You also wrote that frustration may result from consistently overestimating ourselves. Why would we do this; overestimate ourselves?
If you ask people in large cooperations, do you think you are paid what
you are worth? Most will say: I am worth more than I am being paid. On the
average people over-assess their own value to the organisation. So let's ask
ourselves for a second: Wouldn't it be good for people to be objective about
their usefulness for the group? Probably not. Probably people who are
completely objective about themselves don't get the advantages that come to
some other people who think that they are a little better than they are.
Because if you can pull off convincing other people that you are more valuable
than you really are, then you get all the advantages that comes from that
status. In fact, if you look at social life, there are all kinds of social displays
that are essentially deception, where people are trying to act like they're
richer then they are, or sexier than they are, or smarter than they are, or
something, in order to convince people. If you believe it yourself, that works
pretty well.
Some people are worried by the idea that because diseases are treated, the problem is just moved to the next generation.

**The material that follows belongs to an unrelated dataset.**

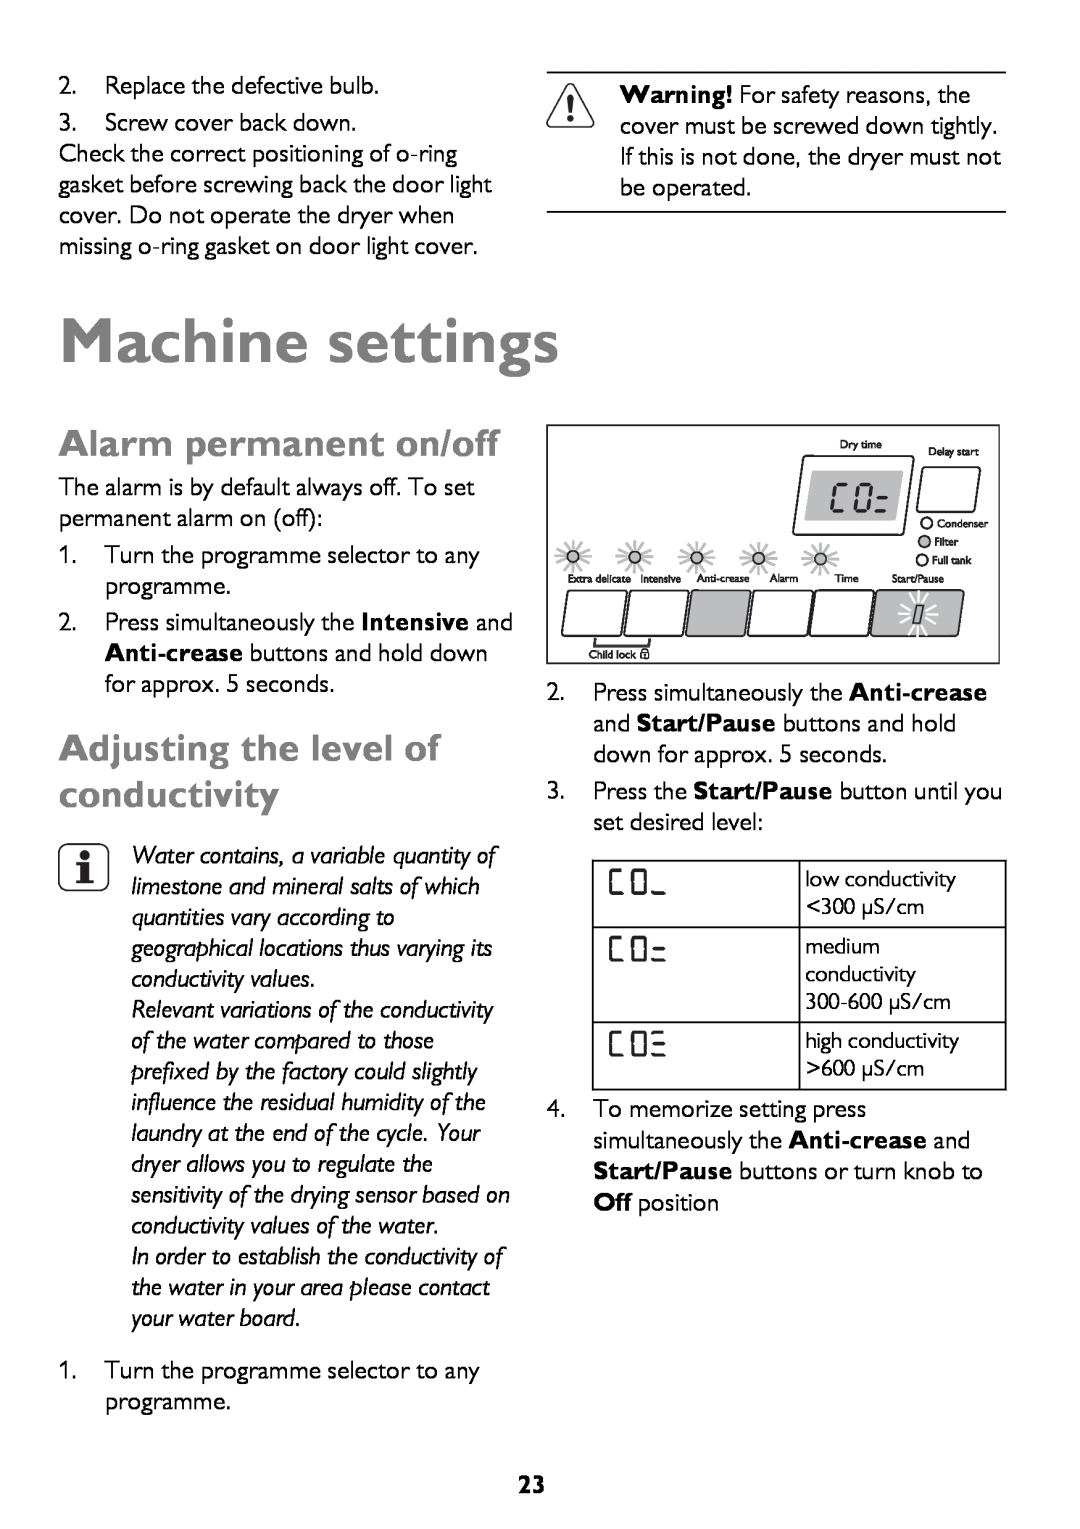 John Lewis JLTDH15 instruction manual Machine settings, Alarm permanent on/off, Adjusting the level of conductivity 
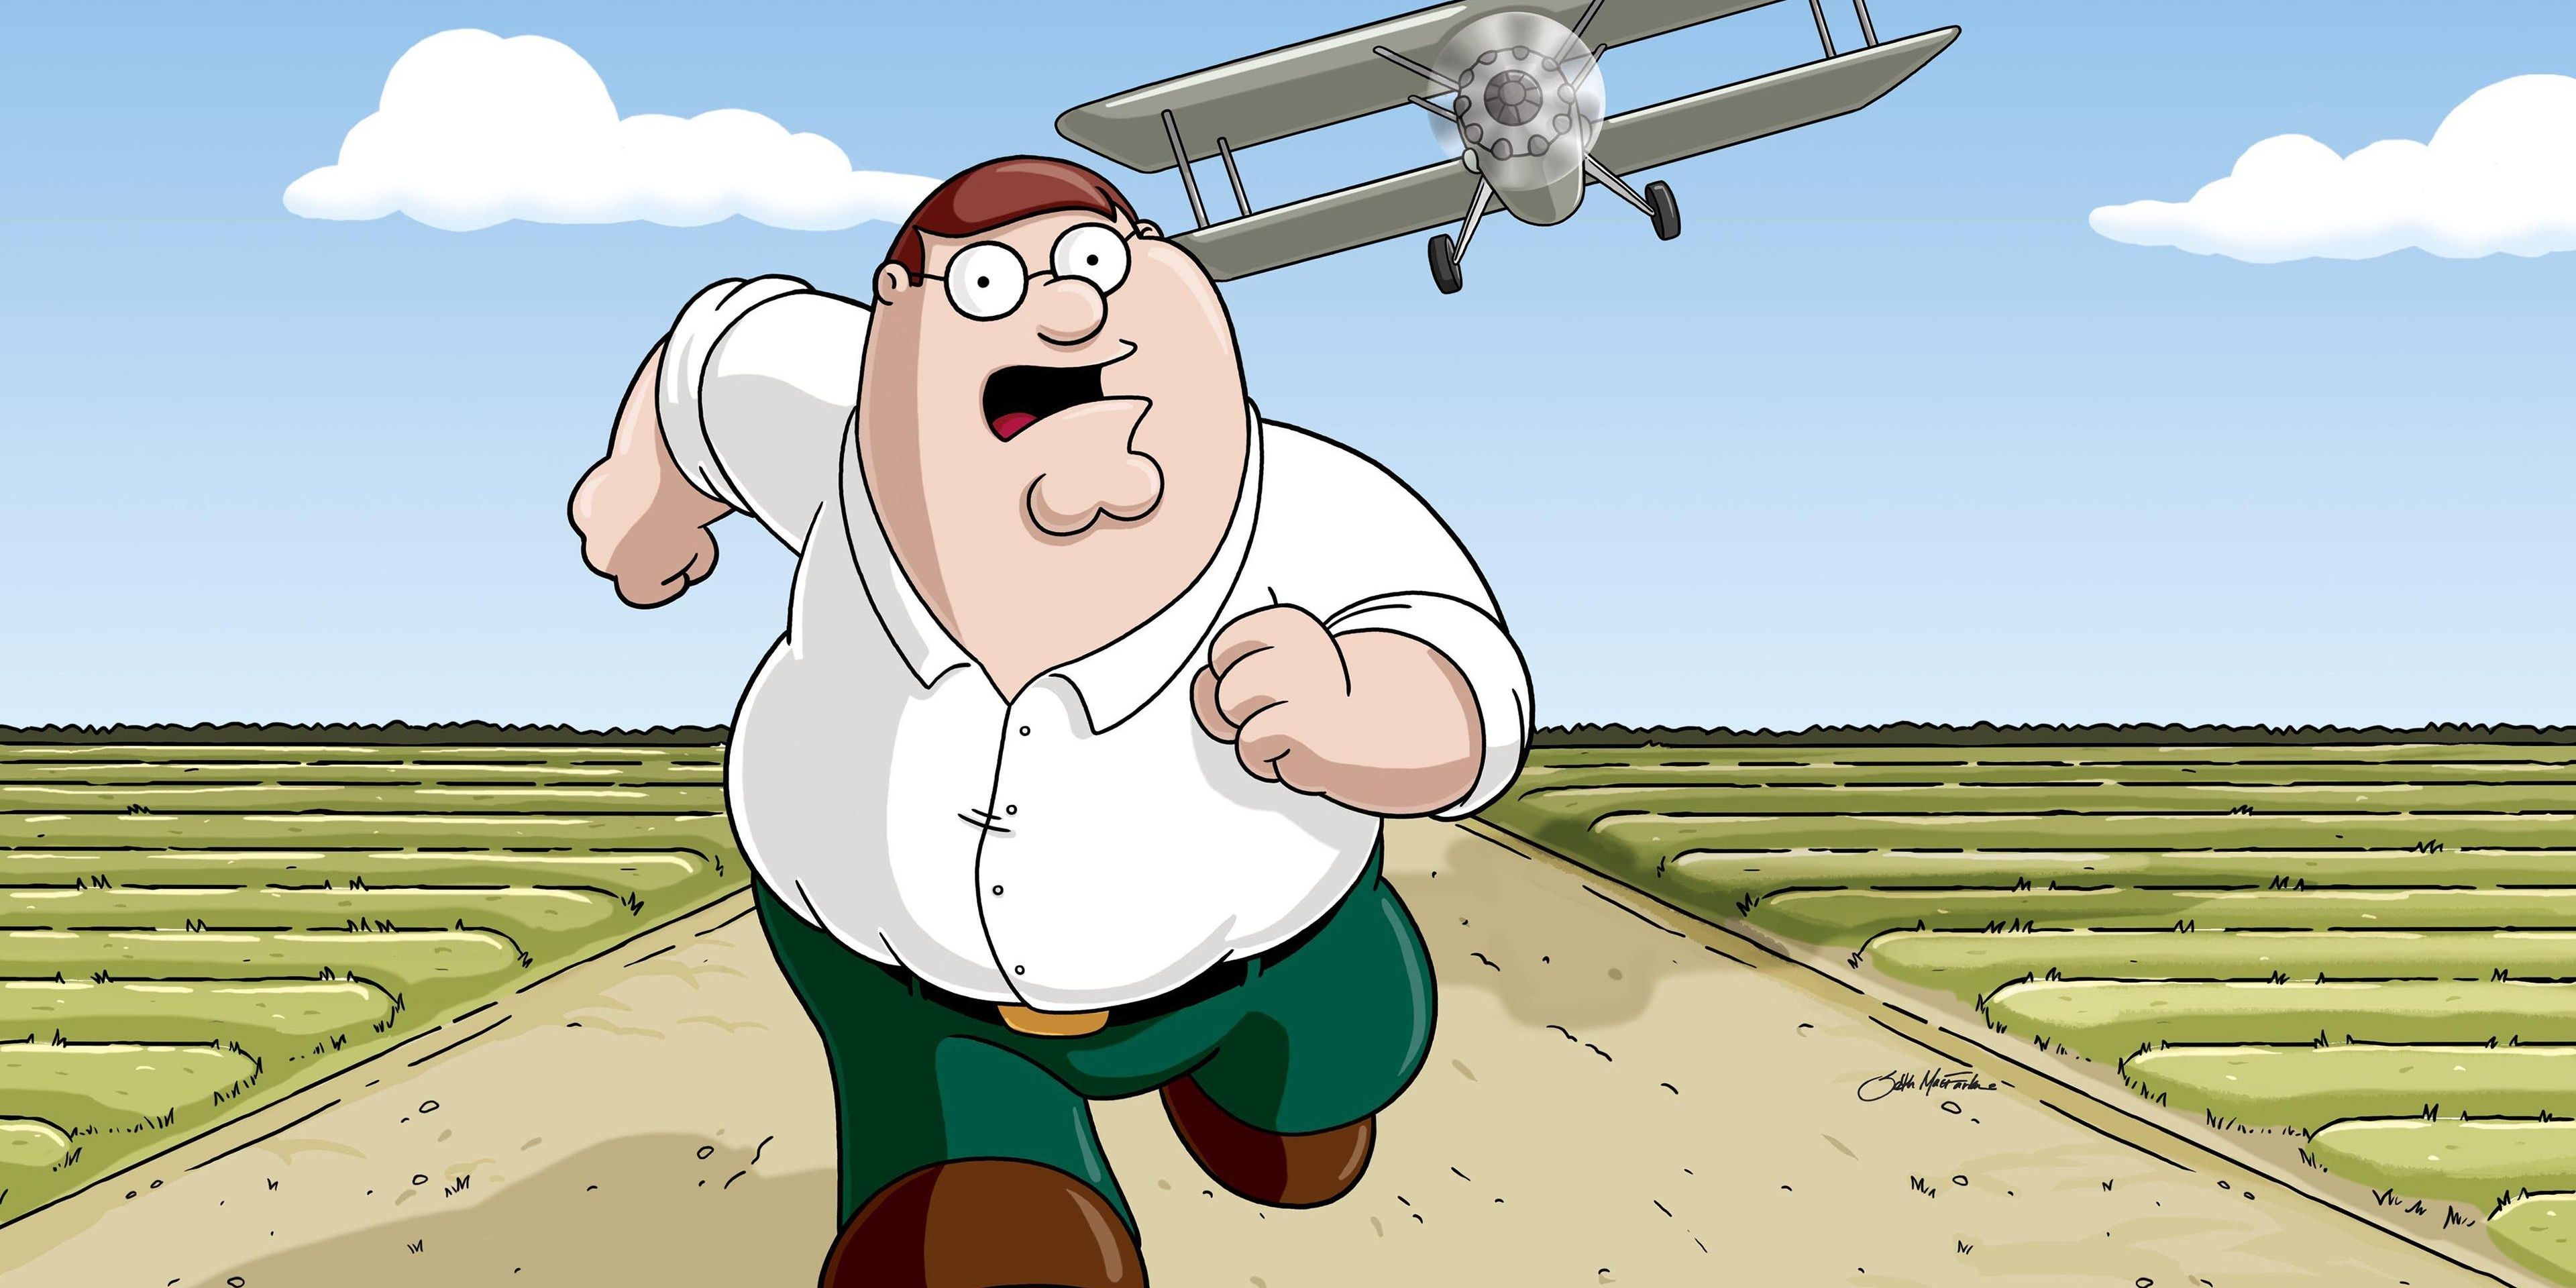 Family Guy 10 Best Season 4 Episodes According To IMDb

Ah, the eugenics-question. Often when I lecture somebody says:
"Well, isn't medicine making the species less healthy?" That has been
a question that has been raised, since the middle-ages at least. The people who
raised it the most seriously were the Nazi's, who thought that doctors were
making the stock worse by preserving the lives of some sick people. The whole
eugenics movement took very seriously the possibility that you could improve,
quote, the genetic stock.
First of all, according to my values, it is wrong to do that kind of thing, so-called for the benefit of the species instead of the individual. More than that, there is very poor scientific justification. From what we now know about gene-frequencies and their relationships to disease, the amount of impact you would have from even very strict reproductive controls on people with diabetes, heart-diseases, schizophrenia and other kinds of diseases, would be very small and only in many generations. Plus a lot of the so-called genetic diseases they were treating probably were not genetic diseases anyway. So one question is: Are you really sure about what you are dealing with? Who knows what inventions will be available for the next generation? There does not seem to be any likely benefit that would be worth interfering with peoples rights. So George and I have tried as strongly as we can, to say that our purpose is not to use evolution for the benefit of the species. Our purpose is to use natural selection theory in the tradition of mainstream medicine, for the benefit of the individual patient.